On November 17, 1962 the lower court denied Estabillo’s petition for relief from judgment. He filed an amended notice of appeal dated November 23, 1962. As already noted at the beginning of this decision, he specified that he was appealing (a) from the order dated October 13, 1962, denying his motion to declare moot the writ of execution and order of demolition dated November 14, 1959 and (b) from the order dated November 17, 1962, denying his motion for relief from judgment.
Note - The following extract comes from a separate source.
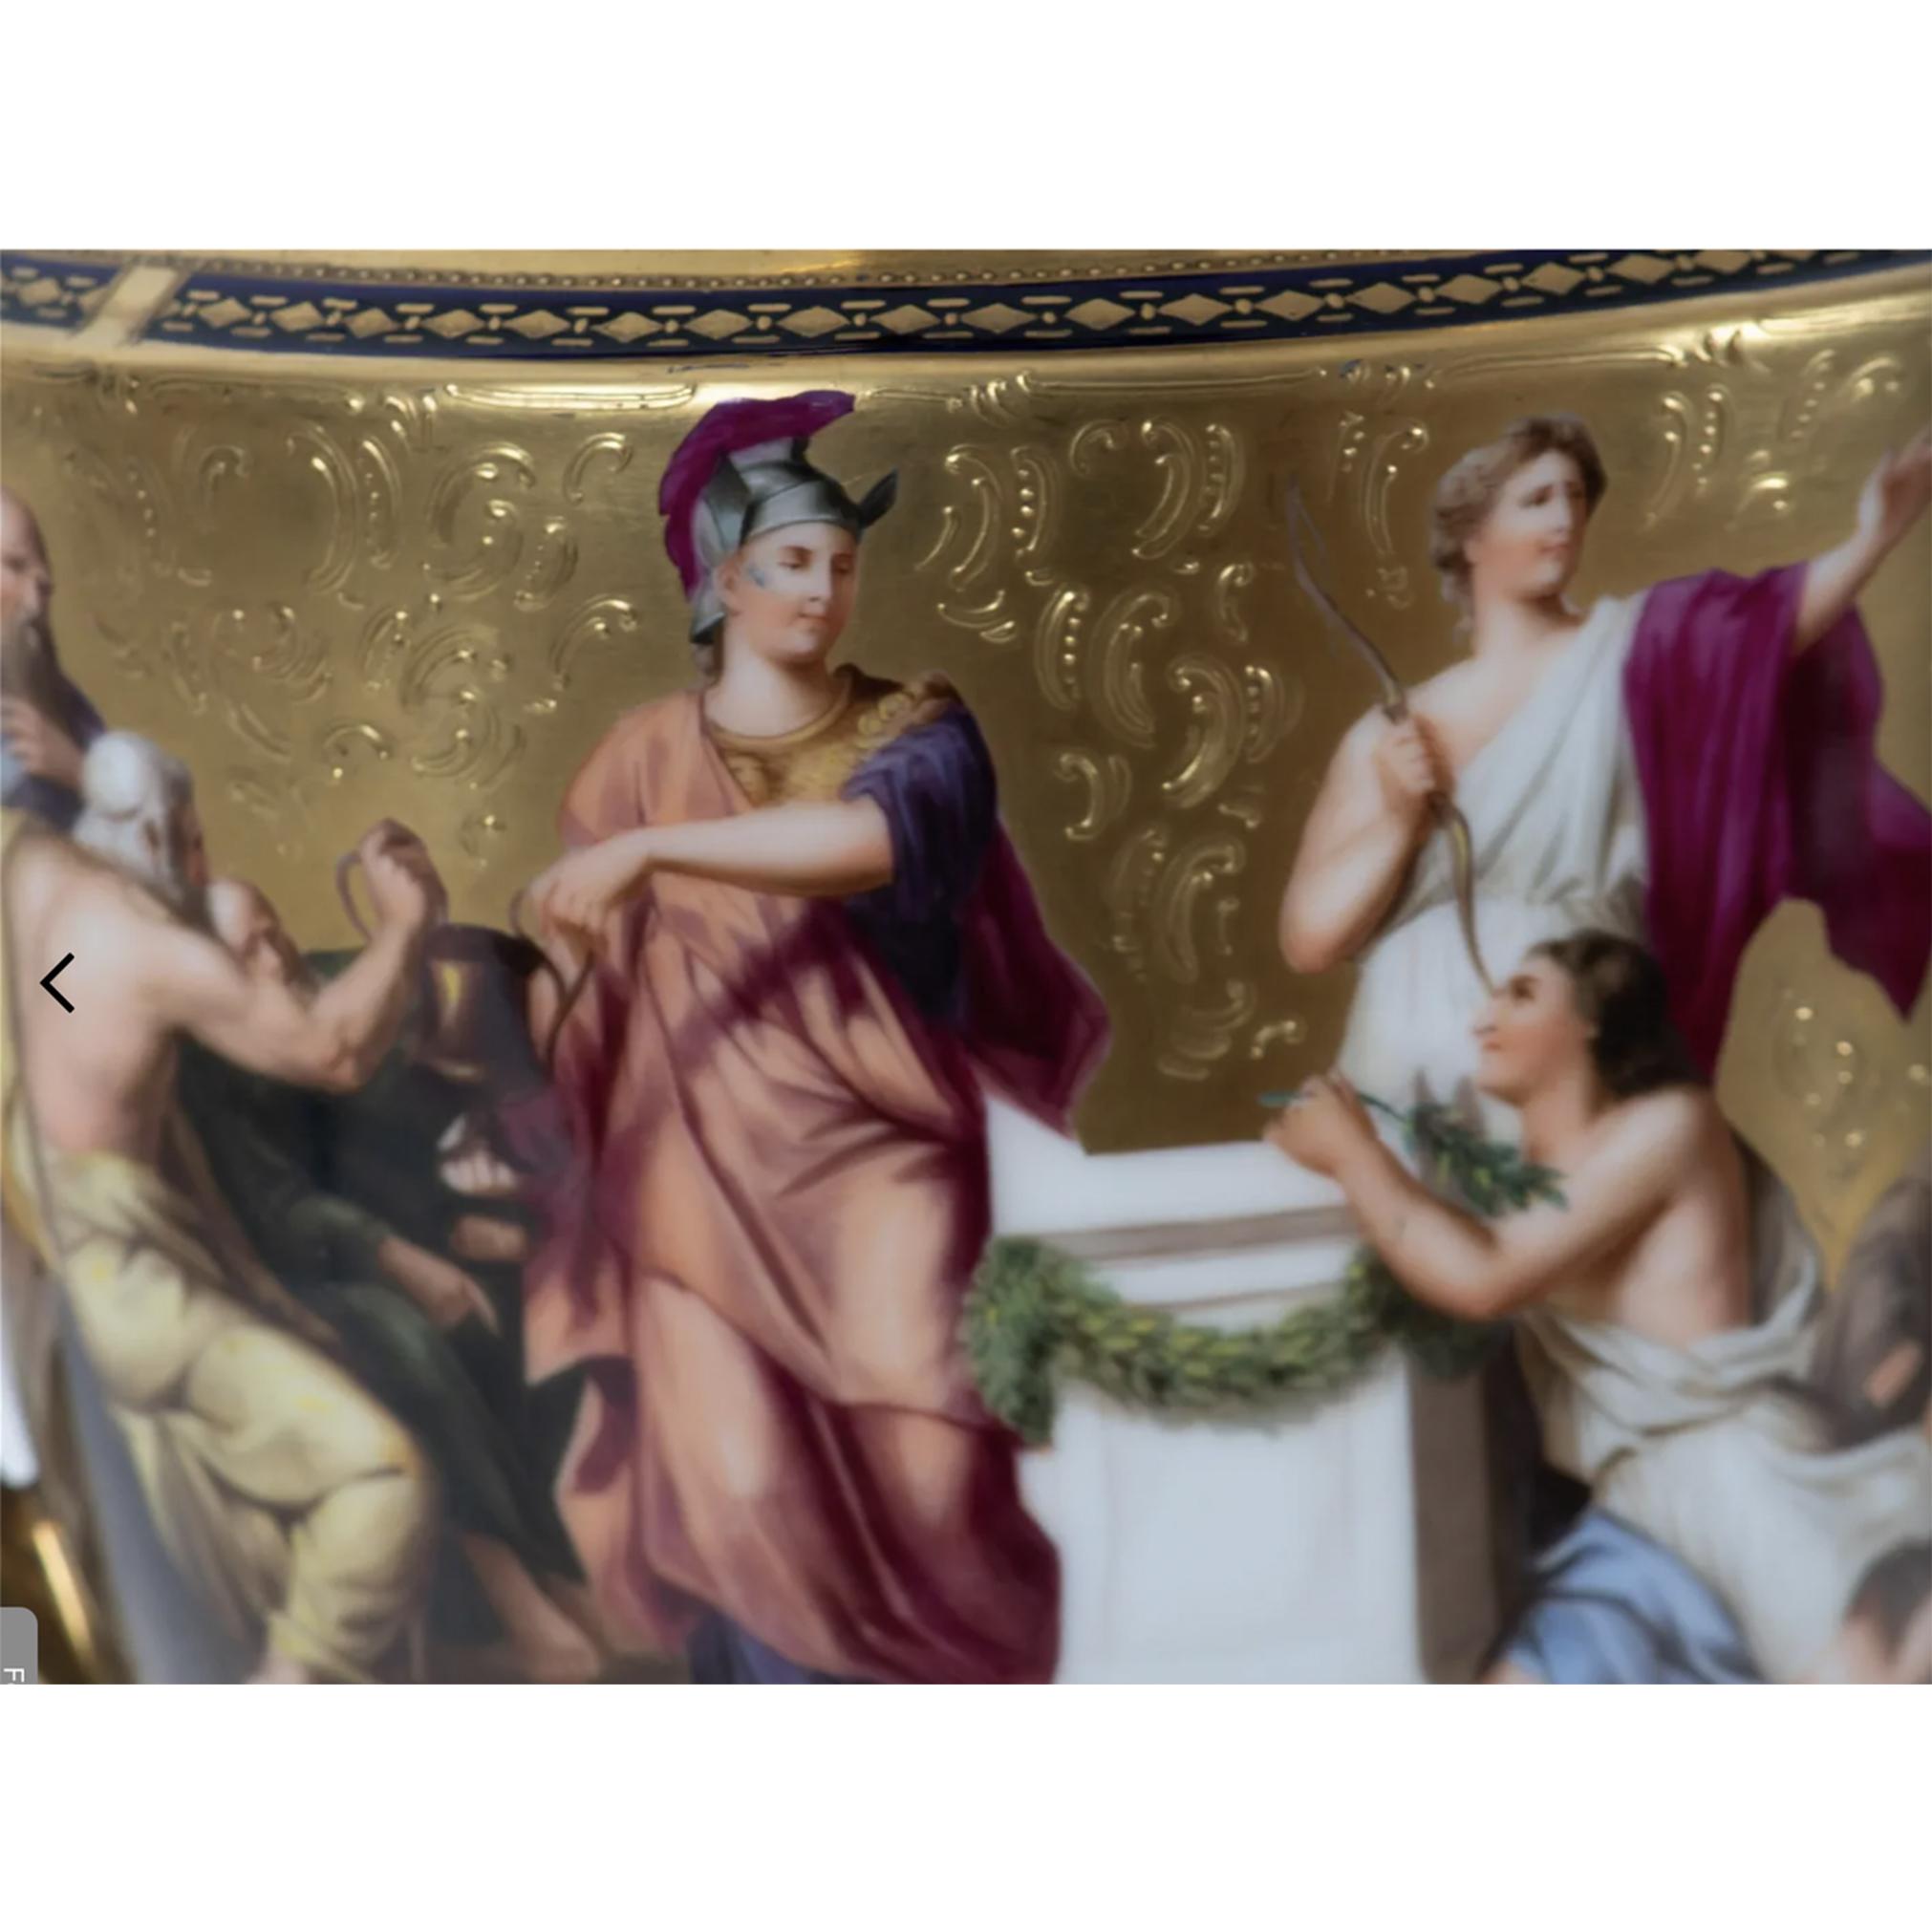 A Fine Royal Vienna Porcelain Urn. The belly of the urn depicts an unknown scene of a man in purple nobility robes, standing before a podium as a group offer him a box and a goat to be sacrificed and more. Elaborate gilded painting throughout with

In this appeal, Estabillo’s overlapping and repetitious contentions are that the trial court erred (1) in entertaining J.M. Tuason’s petition for the appointment of Villamayor as special sheriff in spite of the fact that no docketing fee was paid and the adverse parties were not served with copies thereof; (2) in declaring Estabillo in default and in rendering judgment although the court had no jurisdiction over him and over the subject matter of the action; (3) in not voiding all the proceedings in this case; (4) in not quashing the order of demolition; (5) in not dismissing the complaint; (6) in not granting relief from judgment and in not lifting the order of demolition; (7) in issuing an order to enforce the order of demolition; (8) in not granting Estabillo’s motion to lift the order of demolition and in not declaring moot the writ of execution and (9) in not granting Estabillo’s motion for reconsideration and relief from judgment.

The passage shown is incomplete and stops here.